Piano Marshall della Regione Lombardia

La Provincia di Cremona ha tra le sue funzioni la programmazione e la realizzazione di percorsi ciclo-pedonali di carattere sovraccomunale e di interesse turistico, all'interno del territorio provinciale.

Lo strumento di riferimento è il Piano Territoriale di Coordinamento Provinciale (PTCP) che al suo interno recepisce anche i percorsi proposti o condivisi con altri Enti. Si pensi ad esempio a quelli ricadenti nei Parchi Regionali (Parco Adda Sud, Parco Oglio Sud, Parco del Serio) oppure nei Parchi Locali di Interesse Sovraccomunale -PLIS- (in provincia di Cremona ne esistono ben 8 che interessano 24 comuni) od ancora promossi dai GAL.

I percorsi ciclo-pedonali sono realizzati talvolta in sede propria e riservata, oppure possono coincidere con strade di diversa natura (es. strada comunali, viabilità campestre) che sono diventate, spontaneamente per l'uso che ne fanno i cittadini, percorsi ciclo-pedonali.

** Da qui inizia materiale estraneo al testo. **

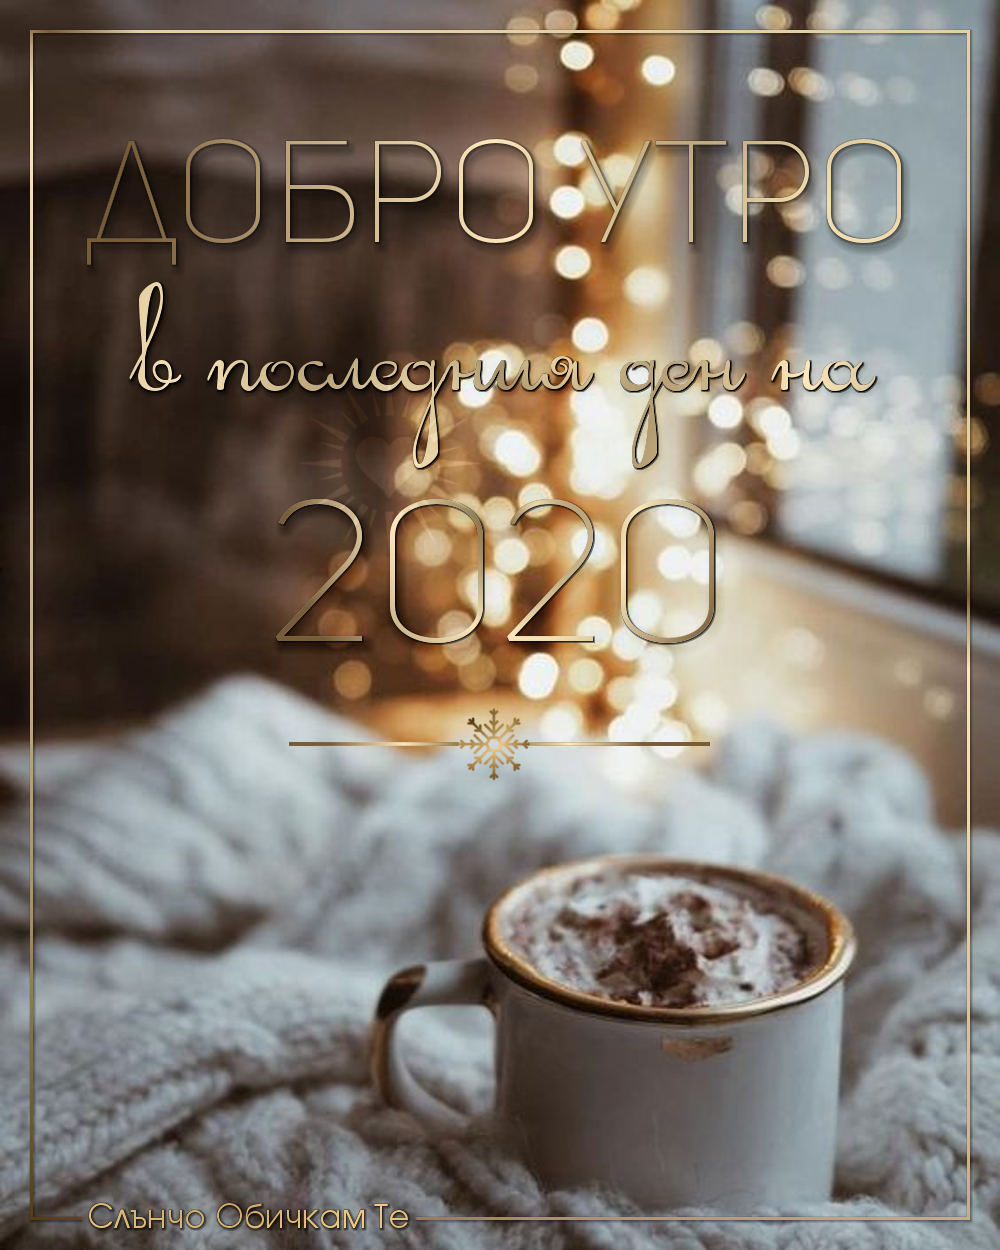 Добро утро в последния ден на 2020, добро утро на 31 декември 2020, картички за добро утро за нова година, честита нова година, пожелания за нова година, 2021
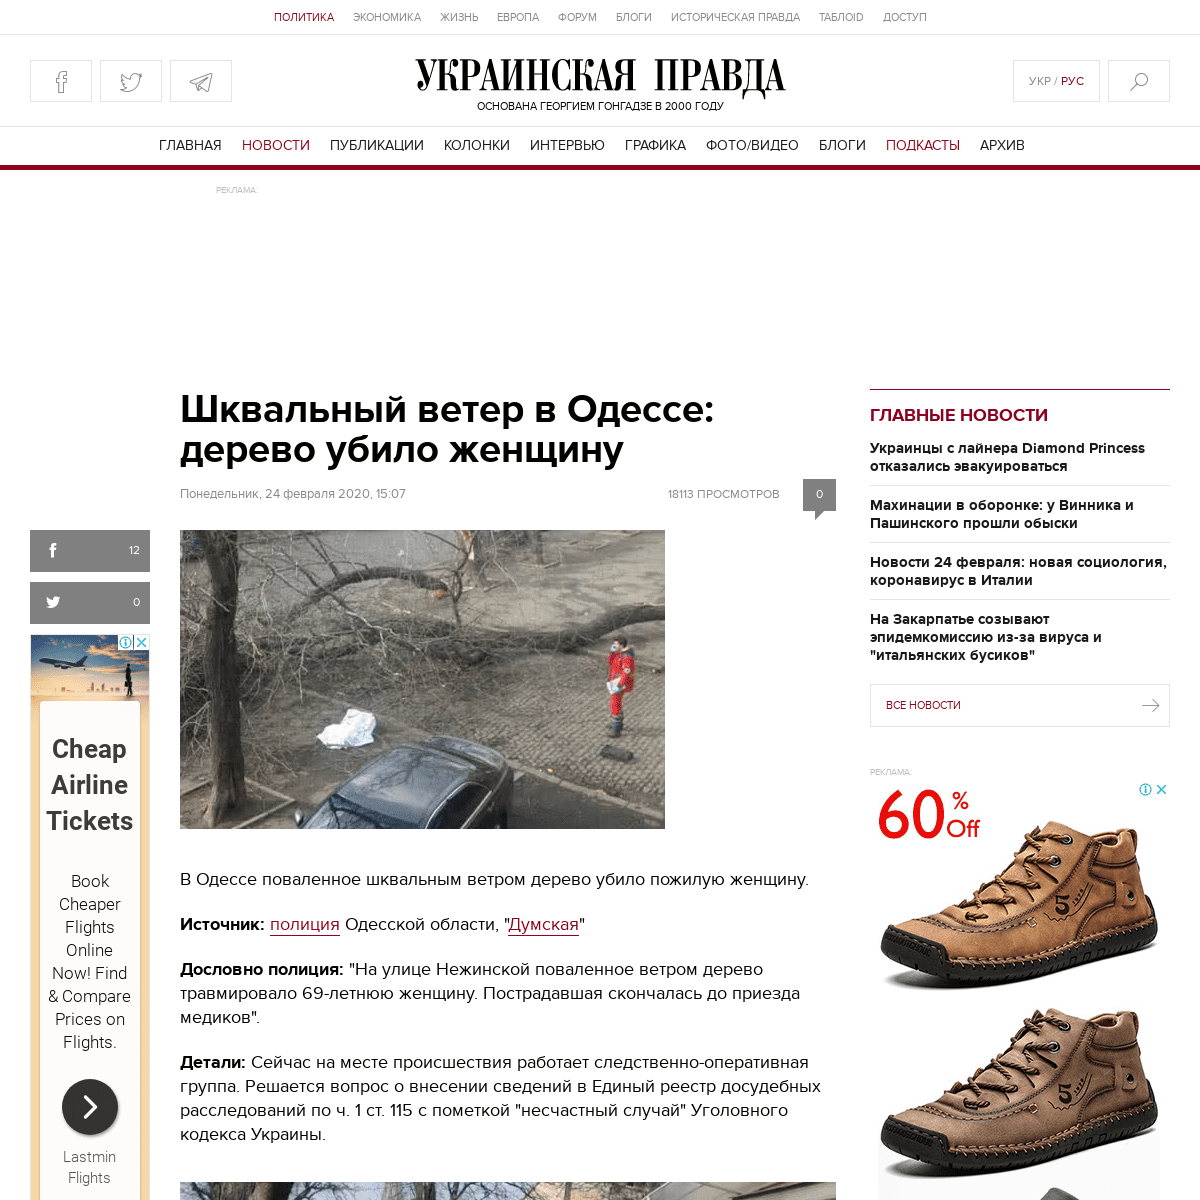 A complete backup of www.pravda.com.ua/rus/news/2020/02/24/7241499/

Anche la realtà del nostro territorio, senza particolari dislivelli ed organizzata in numerosi Comuni spesso molto piccoli e relativamente vicini, è incline agli spostamenti in bicicletta.

Va però osservato, in genere, che la viabilità provinciale è la principale, se non l'unica, che permette collegamenti tra i piccoli comuni e quelli più grandi, attraversandone direttamente i centri abitati.

Tale caratteristica determina che per gli spostamenti di tipo locale (di breve raggio e per necessità quotidiane), vengano utilizzate dai ciclisti le strade provinciali, creando potenziali situazioni di contrasto con i veicoli a motore.

Per questo motivo è necessario intervenire organizzando meglio gli spazi destinati ai veicoli e quelli destinati all'utenza debole creando percorsi ciclopedonali, laddove possibile in sedi protette.

Tra l'altro, negli ultimi anni l'utilizzo della bicicletta è andato aumentando per diverse ragioni ed il trend non appare diminuire.

Si usa infatti per gli spostamenti quotidiani nel raggio di 1-2 km, ma anche per quelli casa-scuola-lavoro con distanza comprese tra 2 ed i 6 km, e quelli legati ad attività sportive o ricreative le cui distanze sono molto variabili.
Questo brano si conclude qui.